Costing introduction

  Costing accounting is branch of accounting and has been developed due to limitations of financial accounting. Financial accounting is primarily concerned with record keeping directed towards the preparation of Profit and loss account and balance sheet. It provides information regarding the profit and loss that the business enterprise is making and also its financial position on a particular date. The information concerning the business enterprise is helpful to management to control in a general way the major functions of a business viz., finance, administration, production and distribution but details regarding operating efficiency of these divisions are lacking.
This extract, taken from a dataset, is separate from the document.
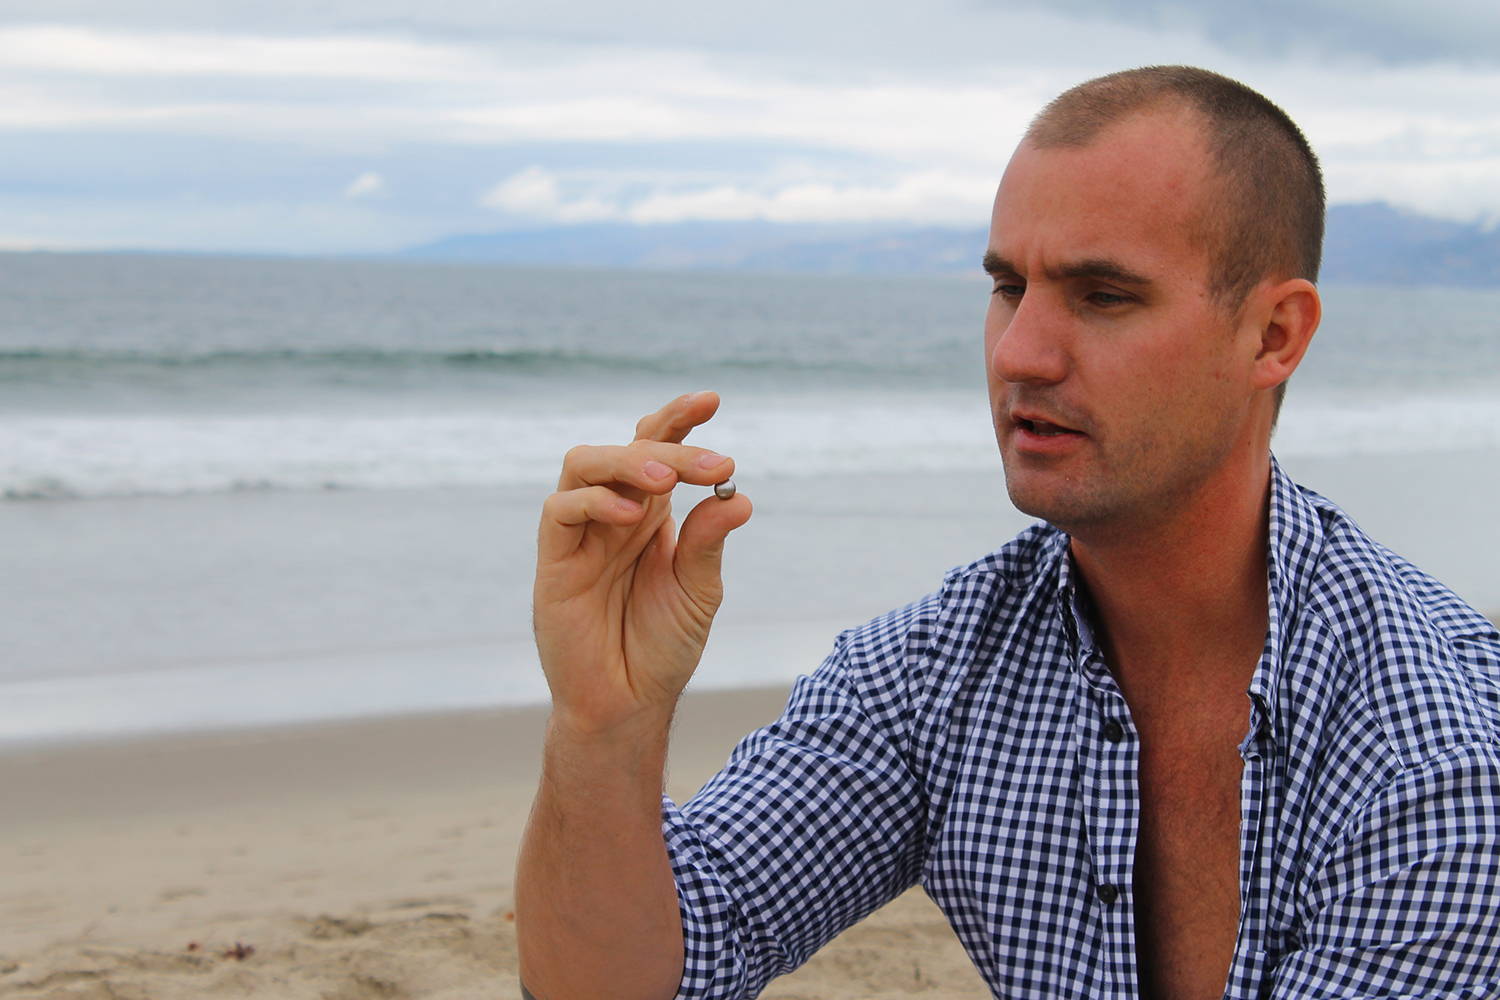 Owner of Pearls of Joy Kevin Canning examines a pearl with ocean in the background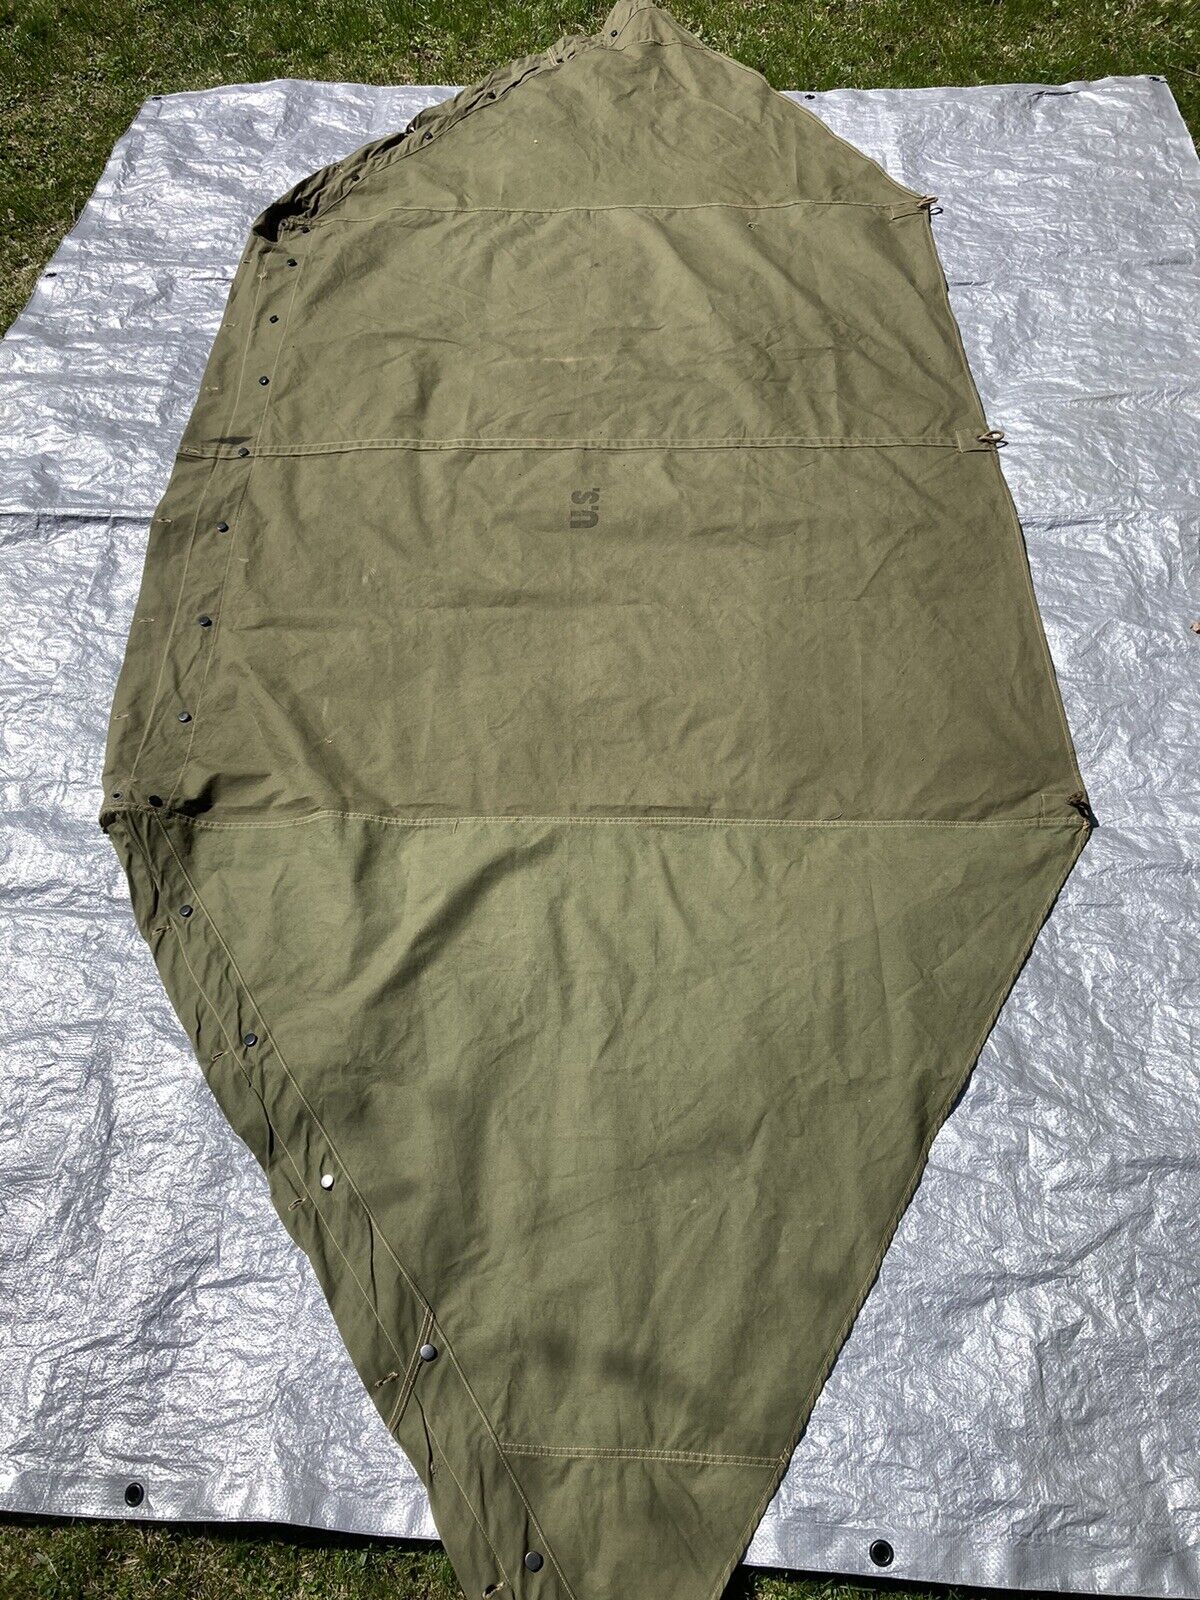 1945 WW2 US Army Shelter Half Pup Tent Fraser Products USA

In fact, the development in the field of cost accounting is so quick and fields covered by it are are expanding so much in magnitude that it becomes difficult for the management to lay down management policies, to guide the management decisions or evaluate operating management performance with the information provided by financial accounting.
         Limitations of Financial accounting
          The following limitations of financial accounting have led to the development of cost accounting:
1.No clear idea of operating efficiency: Financial accounting does not give clear picture of operating efficiency when prices are rising or decreasing on account of inflation or trade depression. It is possible that profits may be more or less not because of efficiency or inefficiency but because of inflation or trade depression.
2.Weakness not spotted out by collective results: Financial accounting discloses only the net result of the collective activities of a business as a whole. It does not indicate profit or loss of each department, job, process or contract. It does not disclose the exact cause of inefficiency i.e., it does not tell where the weakness is because it discloses the net profit of all the activities of a business as a business as a whole. It can be compared with a reading on a thermometer. A reading of more than 98.4° or less than 98.4° discloses that something is wrong with human body but the exact disease is not disclosed. Similarly,loss or less profit disclosed by the profit and loss is a signal of bad performance of the business but the exact cause of such performance is not known.
3.Not helpful in the price fixation. In financial accounting costs are not available as an aid in determining prices of the products, services, production order and lines of products.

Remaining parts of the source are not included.